October 23, 2019

China’s Push for Ethanol and Implications on Gasoline Demand and Blending Components

Stratas Advisors

China plans to implement E10 gasoline nationwide in 2020. The government has been contemplating this policy mandate since 2001, but it had faced major setbacks in the past due to the concerns that domestic ethanol production compromises food supplies. The current plan to blend 10% ethanol in the gasoline pool will literally displace equal amounts of current gasoline consumption together with other blending components from the gasoline pool. Based on current gasoline demand of 3.3 million bpd, about 330 Mbpd will be displaced from the gasoline pool, adding to China’s surplus gasoline supply. Gasoline displacement from ethanol blending will increase to 550 Mbpd as gasoline demand is expected to reach 5.03 million bpd in 2030. One of the key issues relating to the new ethanol policy is whether China will be able to adequately supply required ethanol from domestic sources in the longer term,  although China can import ethanol from the US and Latin American countries.


The government’s plan to introduce ethanol appeared to be driven by China’s push to transition to low-sulfur, high-octane gasoline markets. As most of the countries in Asia are moving to high-octane gasoline market, particularly to RON 95 and RON 97 grades, China needs to keep up to maintain gasoline exports of similar grades. A look at the Asia Pacific region’s gasoline demand by grades in the table below indicates the bulk of gasoline demand is concentrated in RON 90-92 and RON 95 grades.

Asia Pacific Region’s Gasoline Demand by Grade (2018)         Unit | Mbpd



Source: Stratas Advisors


China has the second-largest refining capacity after the US, and its refining system has become increasingly complex. However, China’s refining industry has not been able to supply enough octane supplies to support transition to high-octane gasoline markets nationwide. One of the key reasons is that China has a significantly low light oil processing to CDU ratio, which currently stands at 7.8% in 2018. This ratio is low compared to other regional counterparts, including Japan, South Korea, Singapore, Australia and India. Reforming to the CDU ratio was inherently low as most of the refineries built during the economic boom period were designed to maximize diesel to accommodate surging demand from industrial, manufacturing and power-generation sectors. As a result, China needs to import reformate to satisfy octane demand from refining industry. 

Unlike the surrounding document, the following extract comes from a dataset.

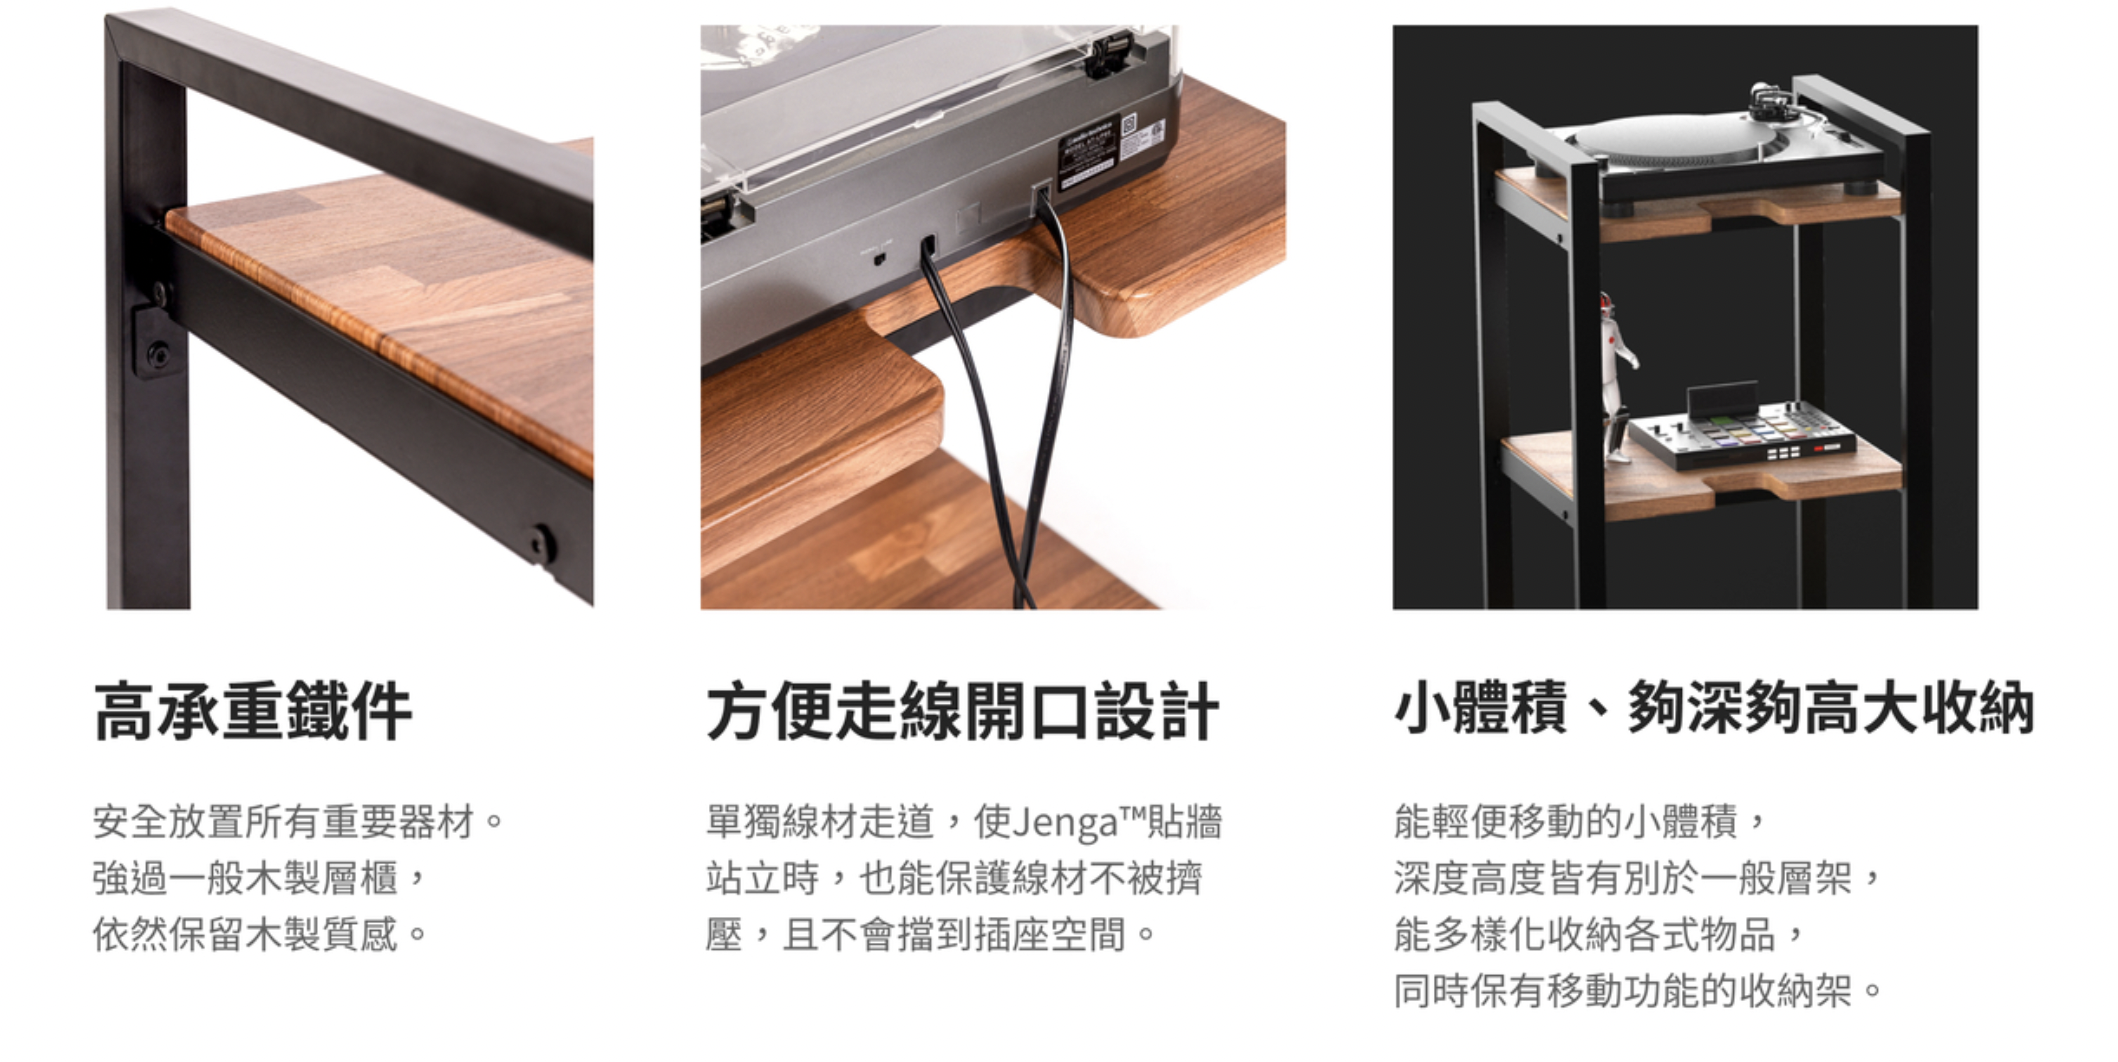 Wavebone JengaTM 層架系列 (兩層層架 木紋層板

Light Oil Processing* to CDU Ratios by Country (2018)         Unit | Mbpd


Source: Stratas Advisors


*Light Oil Processing capacity includes reforming, isomerization, alkylation and polymerization.


Transition to ethanol-blended gasoline market will affect refinery operations and demand for blending components. Refineries currently producing high-octane gasoline will need to cut octane levels in gasoline. Refiners will also be pressured to adjust the operations of fluid catalytic cracker (FCC) and production of butanes as gasoline-blending components. Gasoline-blending oxygenates, including MTBE, ETBE and methanol, are most likely to be affected by the new ethanol policy. MTBE is most likely to be affected because the bulk of MTBE produced in China is used for blending with gasoline. MTBE producers will be pressured to cut operating rates or face shutdowns. China has a long list of MTBE projects planned to be built between 2019 and 2021. Similar MTBE plants are planned in Malaysia and Taiwan, which are key sources of China’s MTBE imports in 2017 and 2018. The new E10 mandate will certainly allow China to cut MTBE imports from abroad. In addition, China’s imports of octane boosters such as reformate will be significantly reduced if the new ethanol policy is implemented nationwide by 2020. It will also allow China to export MTBE and ethanol-blended gasoline to regions, where ethanol-blended gasoline is widely adopted in European countries including Australia, South Korea, Singapore, India, Philippines and Vietnam in the East.